Invariably, when we got home, it would be too tall or crooked or some other condition that necessitated cutting the base. A saw borrowed from some place, as we lived in a Brooklyn tenement, tree firmly in its base, it would begin. Dad's responsibility was stringing the lights. This, he turned into a ritual which required the most careful of placement. First, however, they had to be tried because inevitably one of the little lights would be blown and the string would be out. He would examine each twinkle bulb carefully, as if anyone could tell which one was out. Then he would change bulb after bulb until he hit the right one. His solemn charge accomplished, he would relinquish the tree to the colorful ministrations of my Mom and myself. The toys under the tree Christmas morning, however, had to be wrested away from him so that I could play.

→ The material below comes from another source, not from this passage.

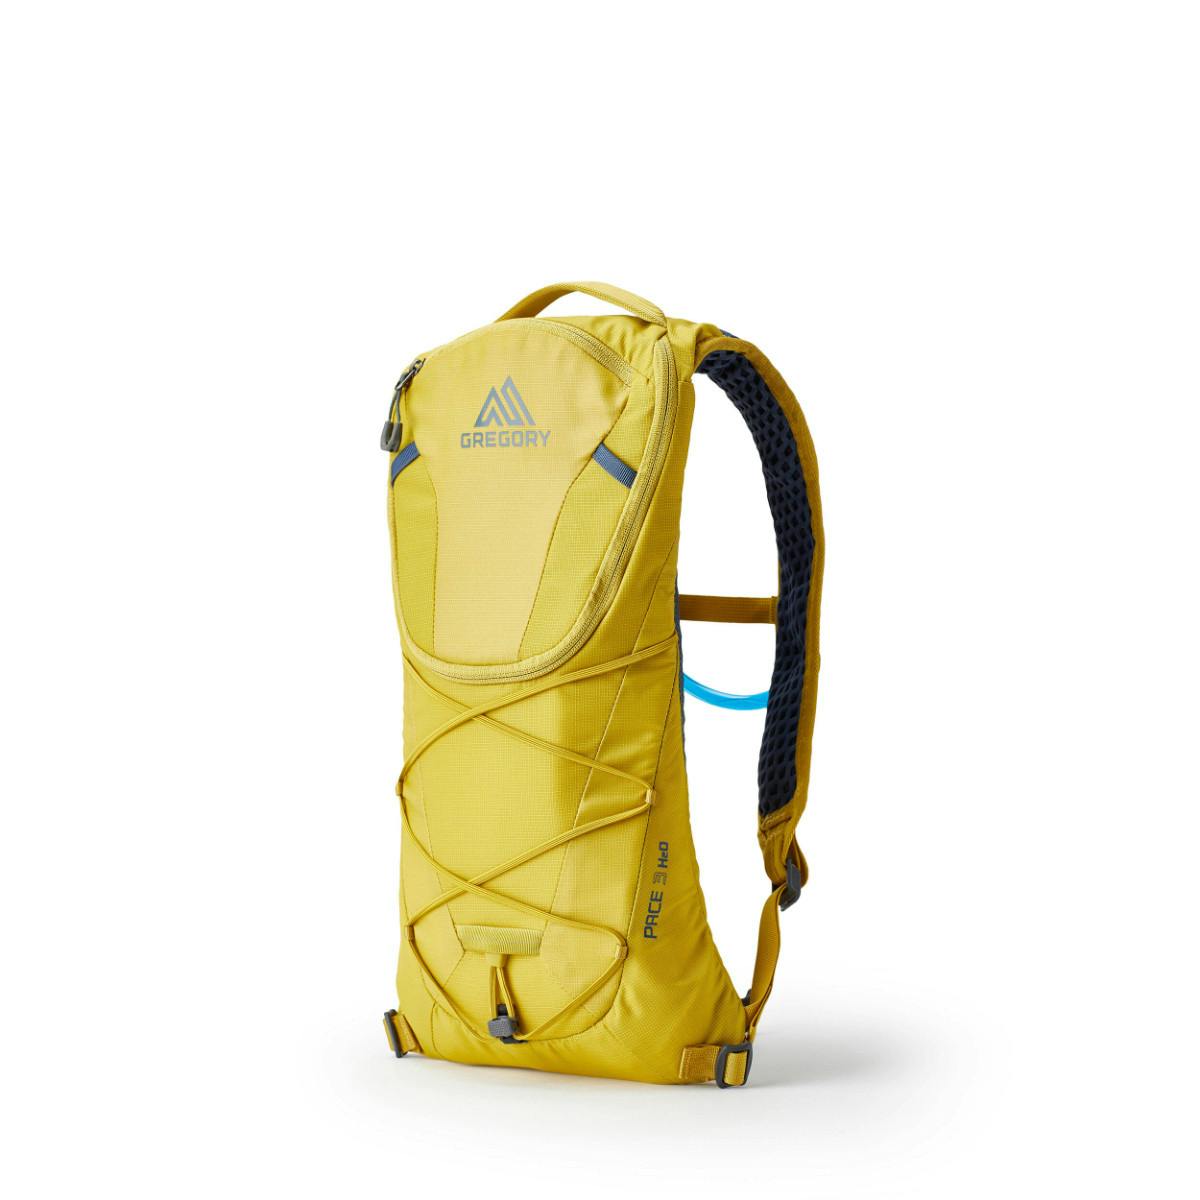 Gregory - Pace 3 H2O - One Size 3 Mineral Yellow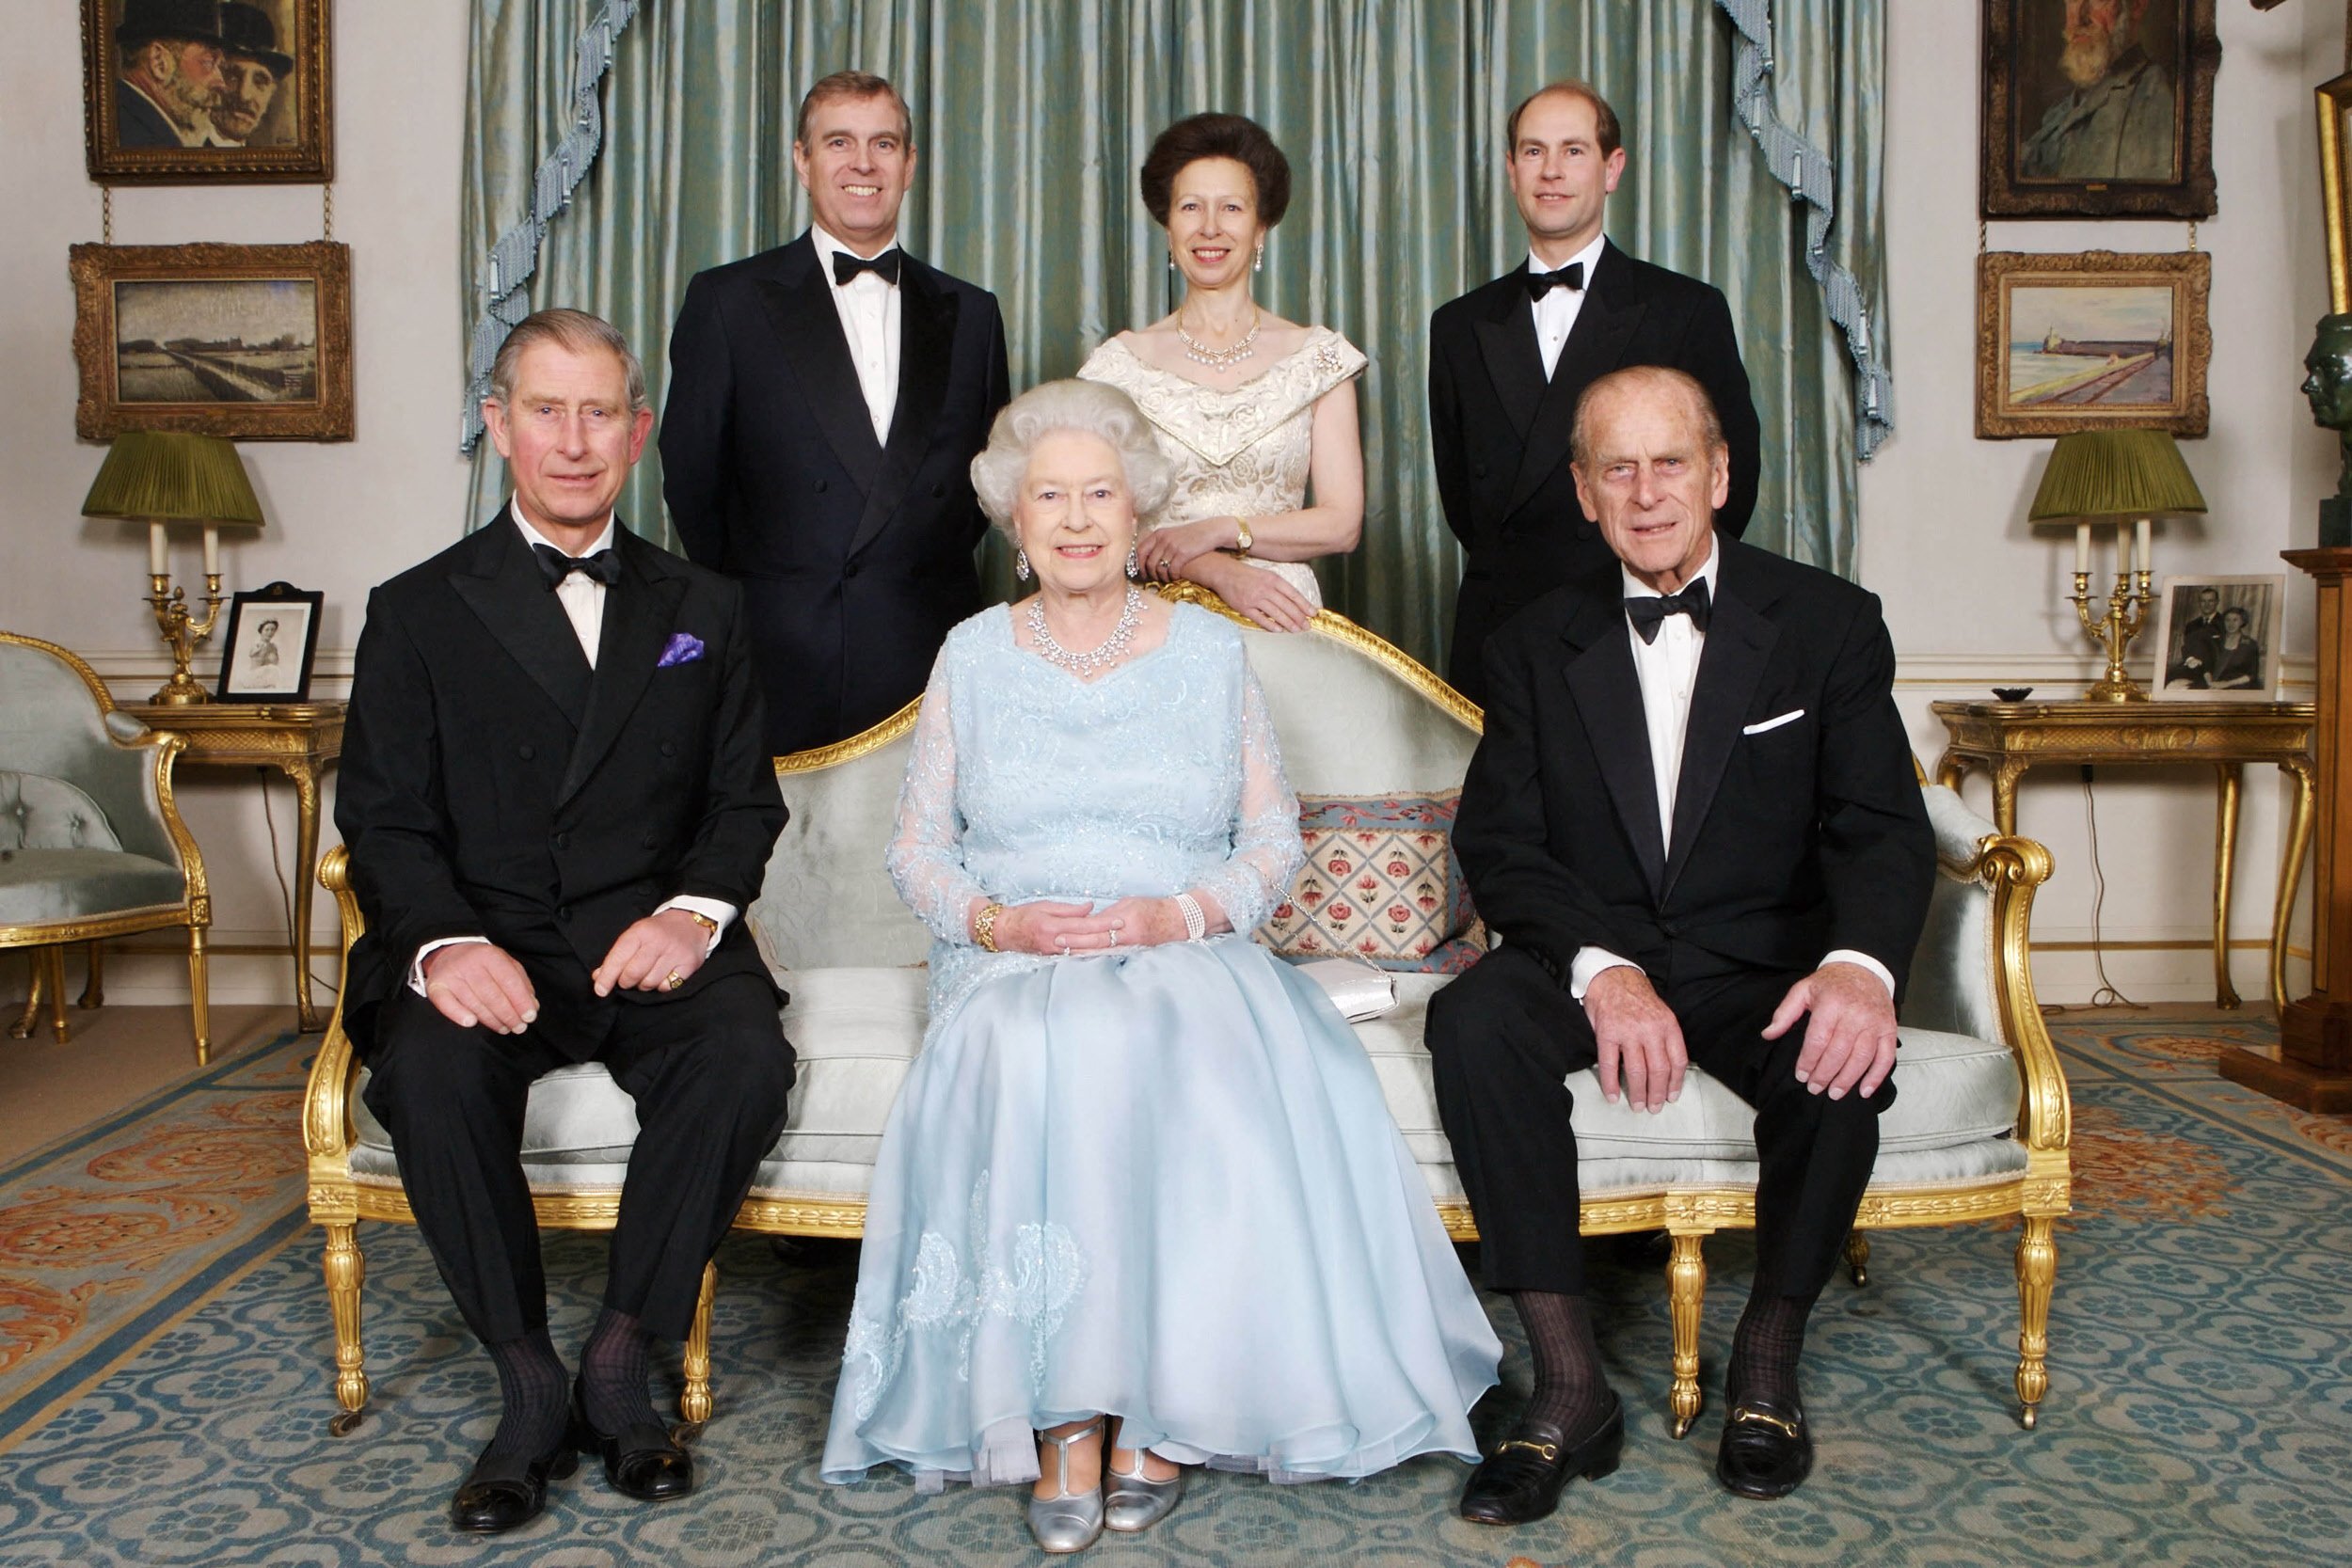 Queen Elizabeth II and Prince Philip are joined at Clarence House in London by Prince Charles, Prince Edward, Princess Anne and Prince Andrew on the occasion of a dinner hosted by HRH The Prince of Wales and HRH The Duchess of Cornwall to mark the forthcoming Diamond Wedding Anniversary of The Queen and The Duke, 18 November 2007. | Source: Getty Images

As fate would have it, the hubster was by geography and personal circumstance similarly Christmas-challenged. But where my Dad threw himself into the process, hubby scoffs and scoffs and scoffs. For 30 years now, I have been dragging the man, kvetching, across the Christmas finish line. One year, his daughter gave him the soundtrack to The Grinch Who Stole Christmas. Talk about your pointed presents. Let me tell you, there is nothing more depressing in a in a one horse open sleigh than someone complaining all the way. No mas. The man doesn't like Christmas. We won't celebrate it.

And so it was that last night for the first time this year, I was innocently channel surfing and stumbled upon a movie, not just any movie either. The plot was something about an accountant who magically transforms a bunch of homeless men into a choir, etc.... It could have been any one of a hundred made for TV holiday movies. I felt it. I realized the true spirit of Christmas: for one shining moment in time, in the midst of darkness and winter, we recapture the color and light of childhood, the wonder, the magic. The most potent magic, I think, is the possibility of goodness, our own and that of others. That's what Christmas is all about.

And as for me, don't despair. When I couldn't tamp down my desire to decorate. I gift wrapped the paintings in the living room in a somber pewter and gray paper with black ribbon. I did put a white poinsettia on them. I took out Dad's soft and cuddly Santa Doll and put it on my night table. And as I write, maybe I'm wearing red ornament earrings.

Funny thing is that somewhere across the years, that Grinch heart must have started growing ever so slightly, nearly approaching the size of a human one. Many a reference to the lack of decorations around the old homestead and even a joking accusation of laziness have been made. There have been a few false starts to string lights on the house. The other evening, we wound up at a local shopping area to see the lights. For half a minute tonight, going to see the Christmas parade on Main Street was a possibility. Who knows, by the time this season is over, maybe there will be joy in Whoville. Doesn't really matter though, because one thing I've discovered in the year with no tree is that I carry Christmas in my heart. Every thing else is really window dressing.

2 comments:

Ms Calabaza said...

Wow! I loved it ... as someone who HAS been watching Lifetime's Fa-la-la Christmas movies for days, I can relate. I'm willing to bet you'll back down... BTW, your Dad (God bless him) sounds wonderful! Reminds me of one of my favorite bumperstickers: It's never too late to have a happy childhood.
Enjoy your day.

Sharpshooter said...

RSNLK,
Your story brought back memories of the Christmas tree shopping. I also came directly from Cuba to a tenement in Brooklyn on First St. and 5th Ave. I used to walk to Atlantic and Flatbush Ave to do my shopping. Sorry to hear about your Dad passing on Christmas eve. I can understand the sadness you must feel everytime Christmas rolls around.
You may change your mind yet and decorate for Christmas. Judging by what you told us about your Dad and how he cared about this holiday, he would have wanted you to decorate.
May you and your family have a Merry Christmas and a Happy New Year.